His paddle remained stowed, and the loons continued to call. Then came a pause, and John dared mimic the sound. One of the loons said something in return, and in that brief, heady instant, he felt part of the team. In the next instant, with a resumption of the birds' duet, he was excluded again, a species apart.
But not cold. He realized he was no longer cold. The fog was burning off under a brightening sun. By the time patches of blue showed through the mist, John guessed it was nearly nine. He straightened his legs and, easing back, braced his elbows on the gunwales. Turning his face to the sun, he closed his eyes, took a contented breath, and listened to silence, water, and loon.
After a time, when the sun began to heat his eyelids and the weight of responsibility grew too heavy to ignore, he pushed himself up. For a few last minutes he continued to watch and absorb the whatever-it-was that these birds gave him. Then smoothly and silently, if reluctantly, he retrieved his paddle from the floorboards and headed home.
The beauty of a beard was that it eliminated the need to shave. John kept his cropped close, which meant occasional touch-ups, but none of the daily scrape-and-bleed agony that he used to endure. Same thing with a necktie. No need for one here. Or for a pressed shirt.
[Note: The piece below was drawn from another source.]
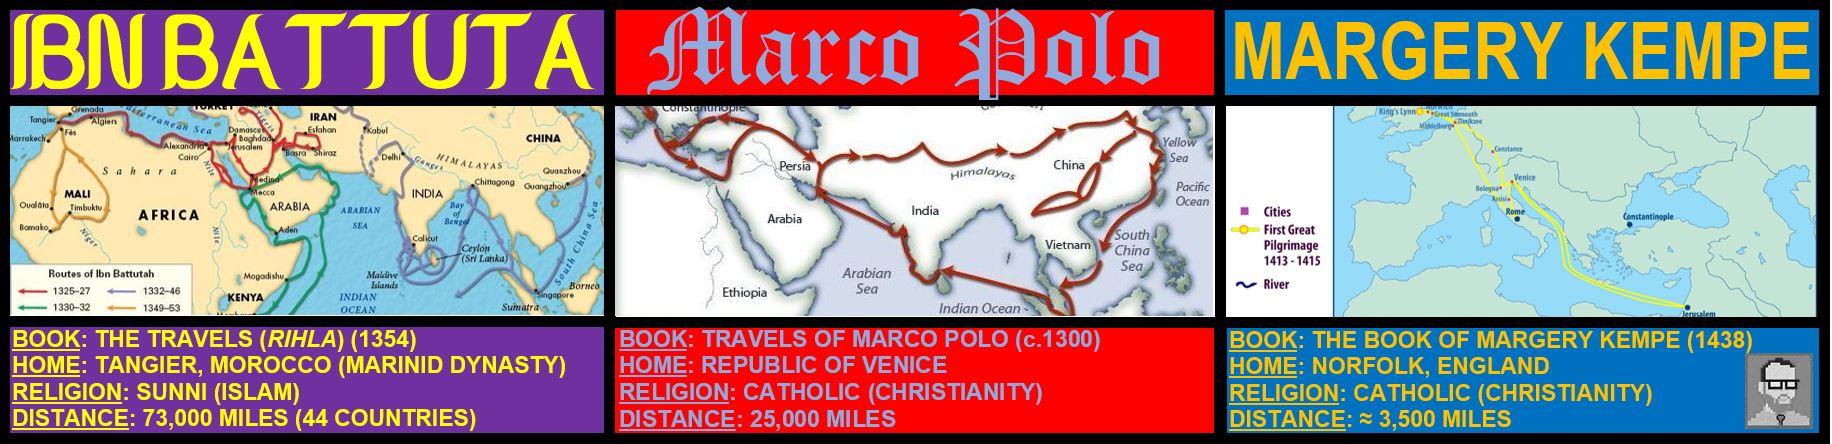 INCREASING NUMBER OF TRAVELERS WITHIN AFRO EURASIA BATTUTA POLO KEMPE AP WORLD MODERN FREEMANPEDIA.JPG

Or for anything but denim down below. He didn't even have to worry about matching socks, since it was either bare feet and Birks in summer or work boots in winter, and then he could wear whatever socks he wanted and no one would see.
He still felt the novelty of showering, dressing, and hitting the road in ten minutes flat, and what a road. No traffic. No other cars. No horns. No cops. No speed limit. The road he drove now was framed by trees just shy of their peak of fall color. It wove in and out in a rough tracing of the lake and was cracked by years of frost heaves. Most other roads in town were the same. They imposed speed limits all on their own, and Lake Henry liked it that way. The town didn't cater to tourists as many of the surrounding lake towns did. There was no inn. There were no chic little shops. Despite a perennial brouhaha in the state legislature, there was no public access to the shore. Anyone who went out on the lake was either a resident, a friend of a resident, or a trespasser.
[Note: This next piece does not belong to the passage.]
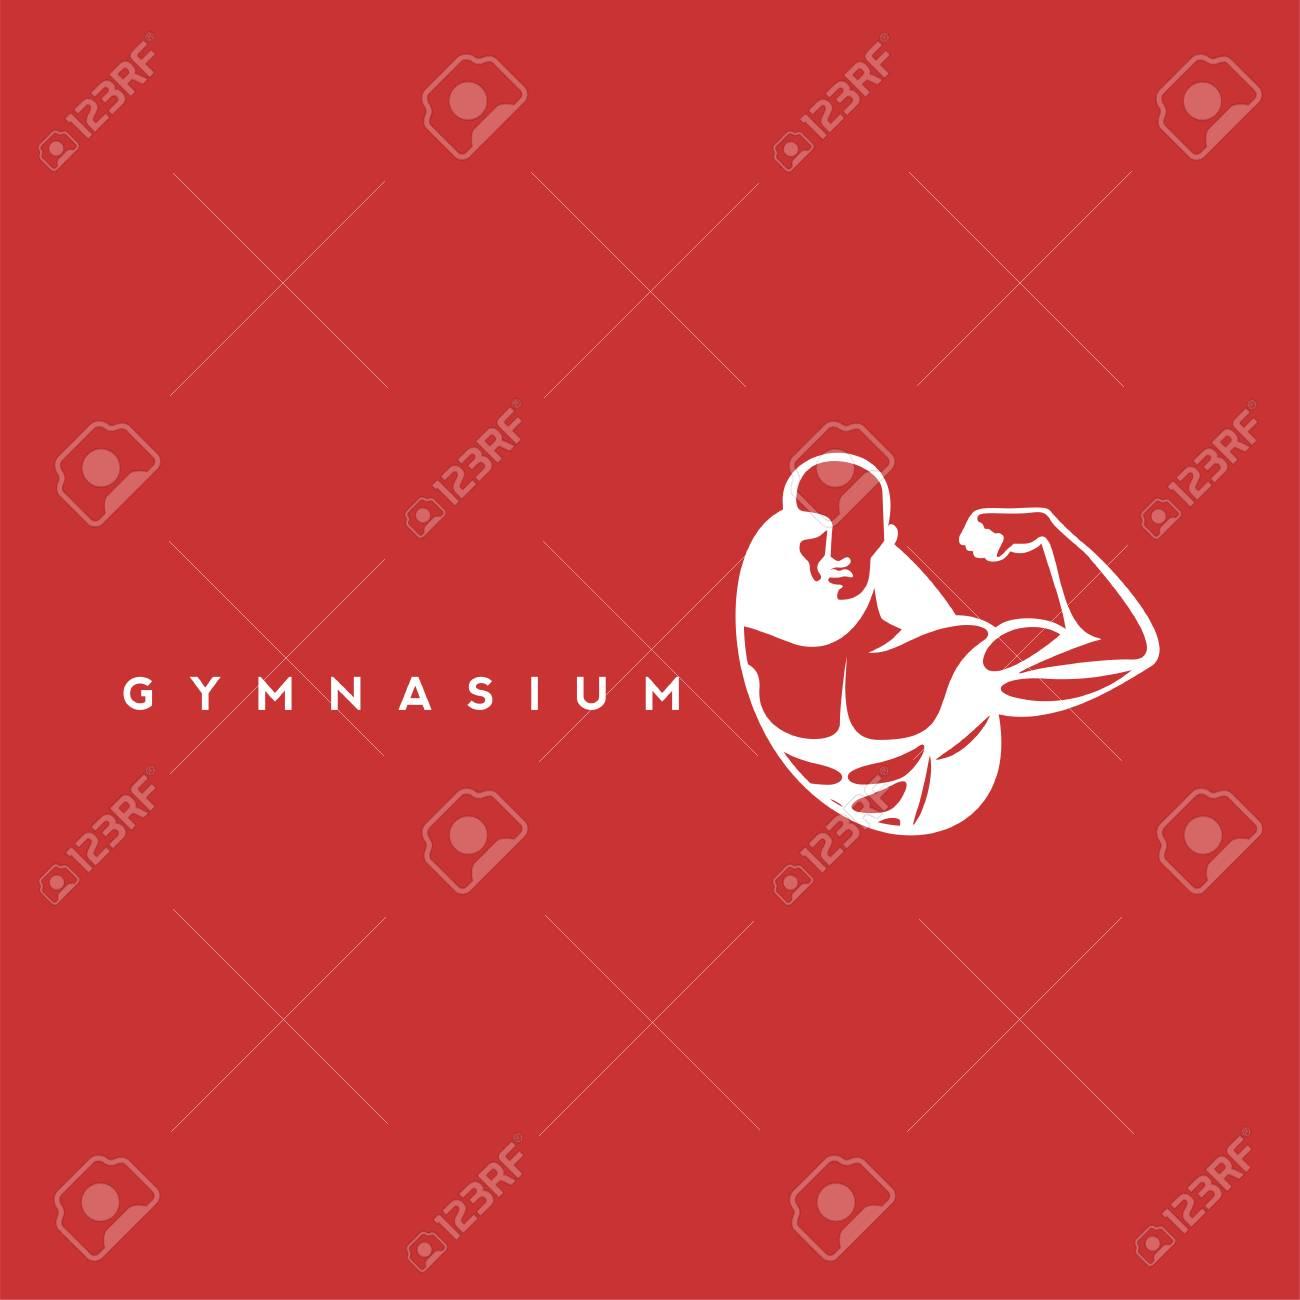 White gymnasium icon vector illustration. - 95226136

At that particular moment in time, with summer residents gone and only year-rounders left, the town's population was 1,721. Eleven babies were due, which would raise the count. Twelve citizens were terminally old or terminally ill, which would lower it. There were twenty-eight kids currently in college. Whether they would return was a toss-up. In John's day they left and never came back, but that was starting to change.
He made what he intended to be a brief stop at the general store, but got to talking national politics with Charlie Owens, who owned the store; and then Charlie's wife, Annette, told him that Stu and Amanda Watson's college junior, Hillary, was home for a quick day after a last minute decision to spend the semester abroad. Since Hillary had interned for John two summers before, he had a personal stake in her success, so he detoured to her house to get the story, take her picture, and wish her luck.
Back in the center of town, he turned in at the post office and continued on to the thin yellow Victorian that stood between it and the lake. Climbing from the truck -- a Chevy Tahoe, one of the perks of the job -- he reached across the seat for his briefcase, shouldered its strap, and scooped up the day's editions of four different newspapers, a bag of doughnuts, and his thermos. With the bag clutched in his teeth he sifted through his key ring as he crossed the dirt drive to the Victorian's side door.